2) If I had stayed a historian, I'd be writing a book right now about how none of the successful Marxist revolutions in Asia succeeded in mobilizing around the concept of class alone to gain participation in the revolution. In all cases, some other, less than scientific concept was the concept around which revolutionaries rallied - the nation. Now, certainly there were socialist components to the organizing as well. Lots of class analysis of whatever quality to people describe how and why the Party was fighting. But class alone never defined the "we" who was doing the fighting. That part is politics and stands outside a traditional definition of science.
Really good work lately. Indulging in some nice light reading after your time with the Cantos I see.
I am definitely in a similar position to you and Lillian. Recent changes in my social life have brought me into contact with a lot of your typical leftist/Marxist grad students and I hate to say it but so much of the inclination towards that sort of thought really does just strike me as religious or psychological in nature or stemming from some sort of insecurity. Maybe that wasn't the case in Red Vienna or wherever but now it just seems to me like 100% Gouldnerian inter-bourgeois disputes and their protestations that actually the fact that they both work for a living gives them a supreme common cause to share with the undocumented day laborers in my neighborhood comes off as basically delusional.

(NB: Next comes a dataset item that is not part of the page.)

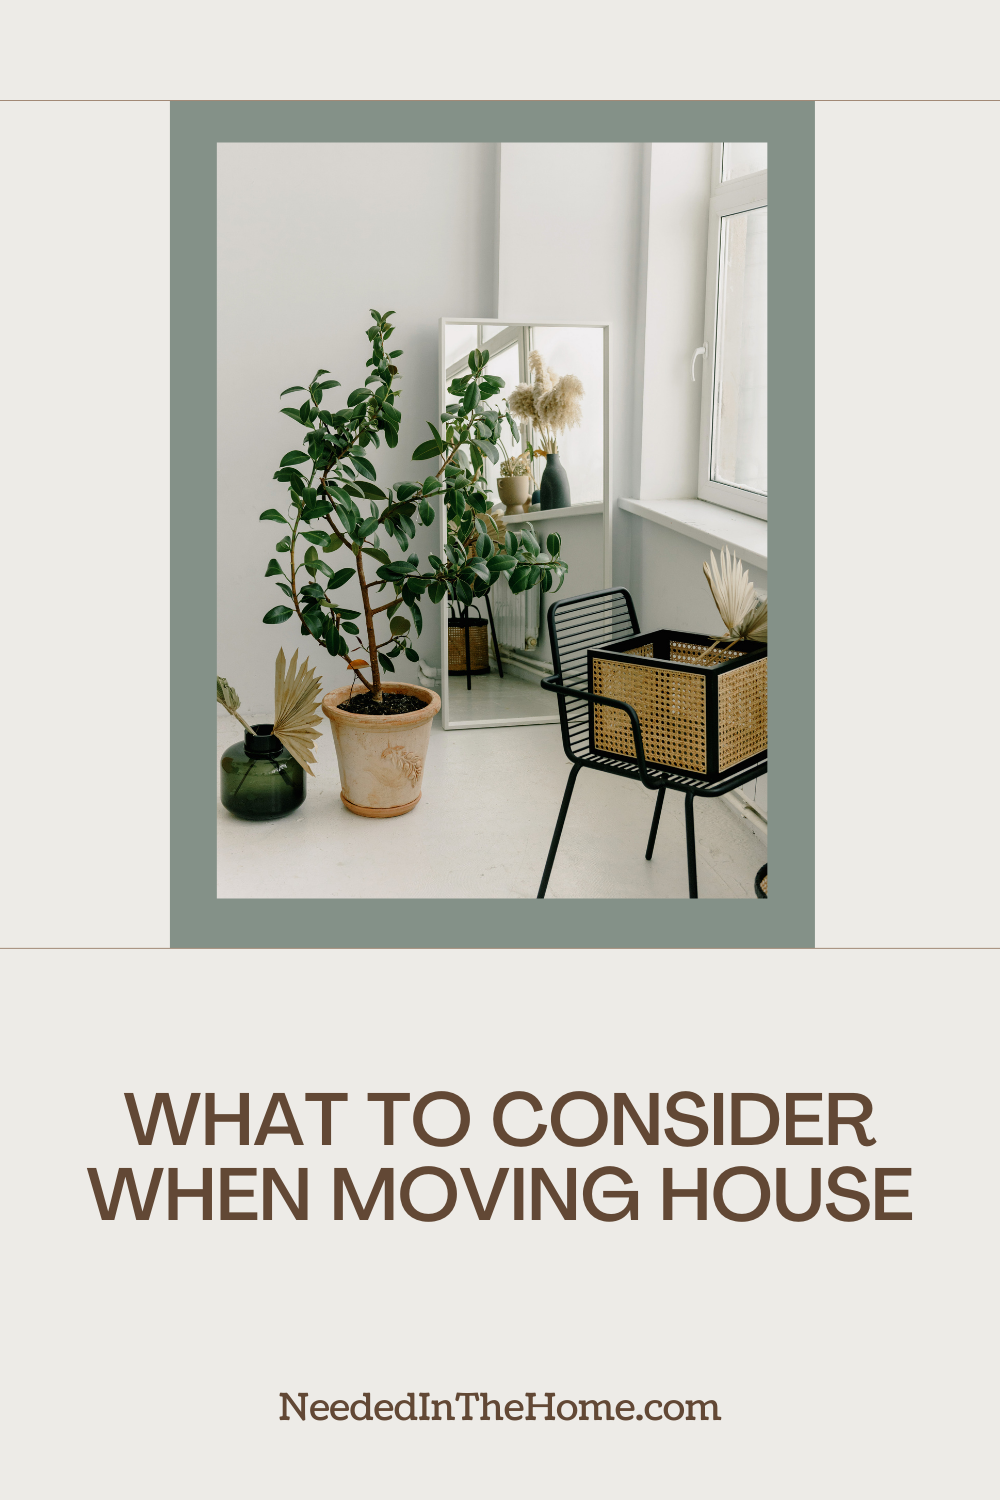 pinterest-pin-description what to consider when moving house image of plants chair window mirror where to place them in new home neededinthehome

Definitely not confident that the left's recent drift back into stochastic assassination will bring about any positive developments either. And the adoption of Palestine as the new omnicause is definitely causing a bit of a crashout as a whole, proving as it does that a history of oppression doesn't give a people any special moral insight, nor will being "people of the book" prevent you from descending into genocidal mass psychosis. Destabilizing realizations for a lot of people, myself included.

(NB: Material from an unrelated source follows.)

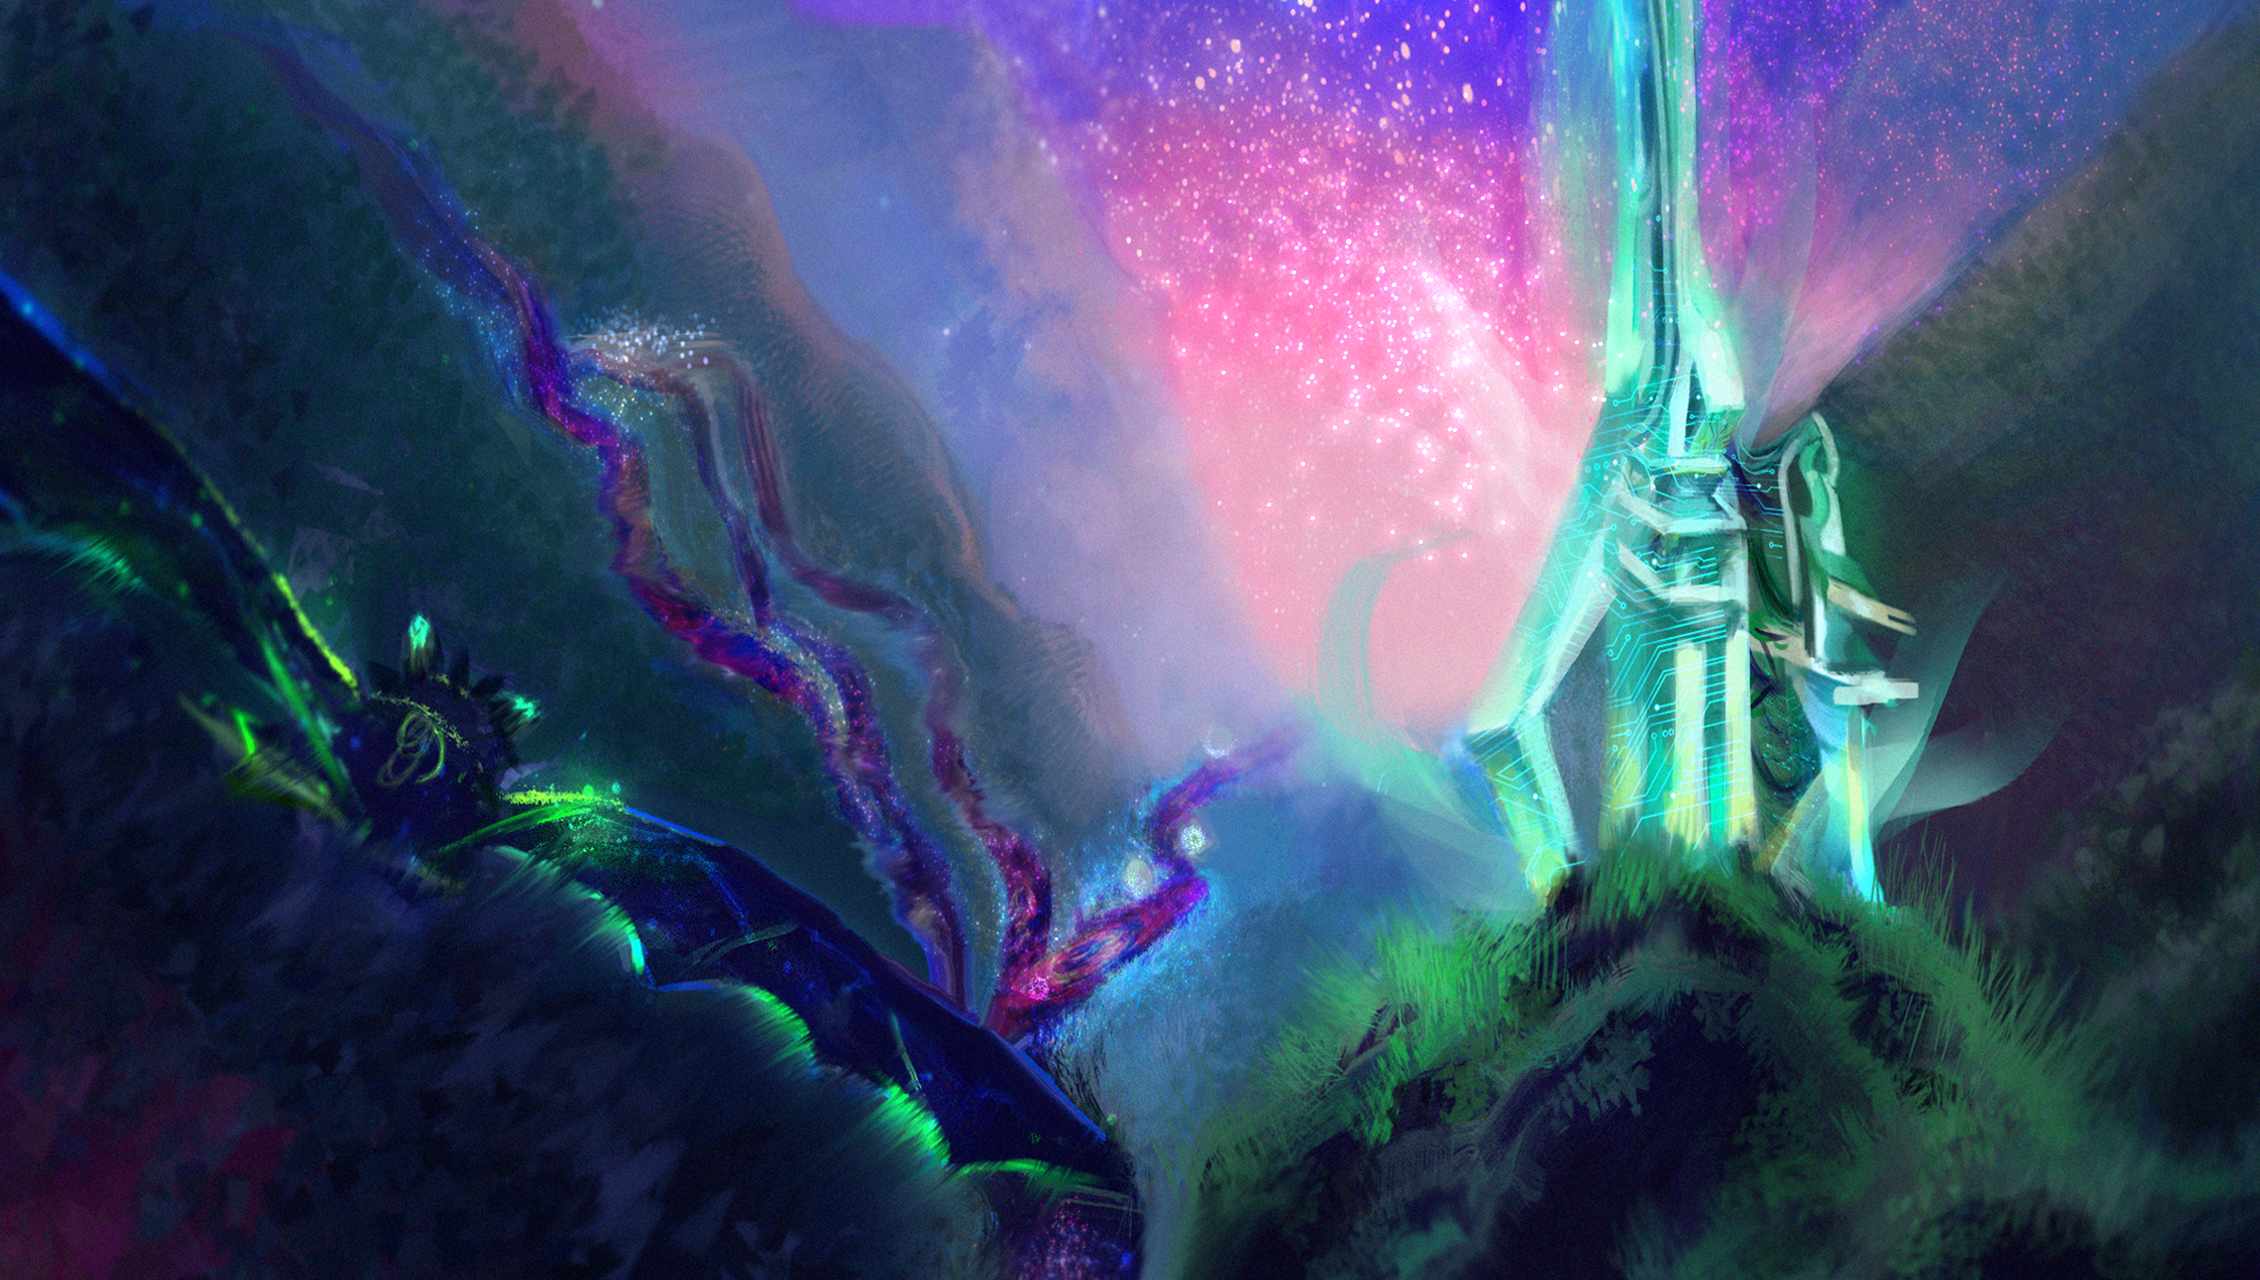 a painted piece of a blue green crystal tower in a valley. there's a stream off to the side that looks like it contains some sort of starry liquid, with planet like bubbles coming out. on the left side of the frame, there's a dragon with blue and green glowing markings

At the same time sometimes you pick up a positive case for liberalism -- I've been leafing through some of those, Tony Judt, Clive James, Trilling etc -- and you're like (as you mention with the NY intellectuals) OK I admire your erudition and intellect but this is so weaksauce, in no world could this be a cause to lay down one's life for, you don't sound convincing even to yourself! Aux armes, citoyens! Moderation or death! And totally true with the vulnerability to foreign policy adventures too. I've been in a Sontag phase recently and she famously made the transition from "the white race is the cancer of human history" to "we can do a little liberal imperialism, as a treat."
What are you gonna do, it's a sucker's game. Cheers to more dialogue between recondite rodent and potato-based pasta, at least.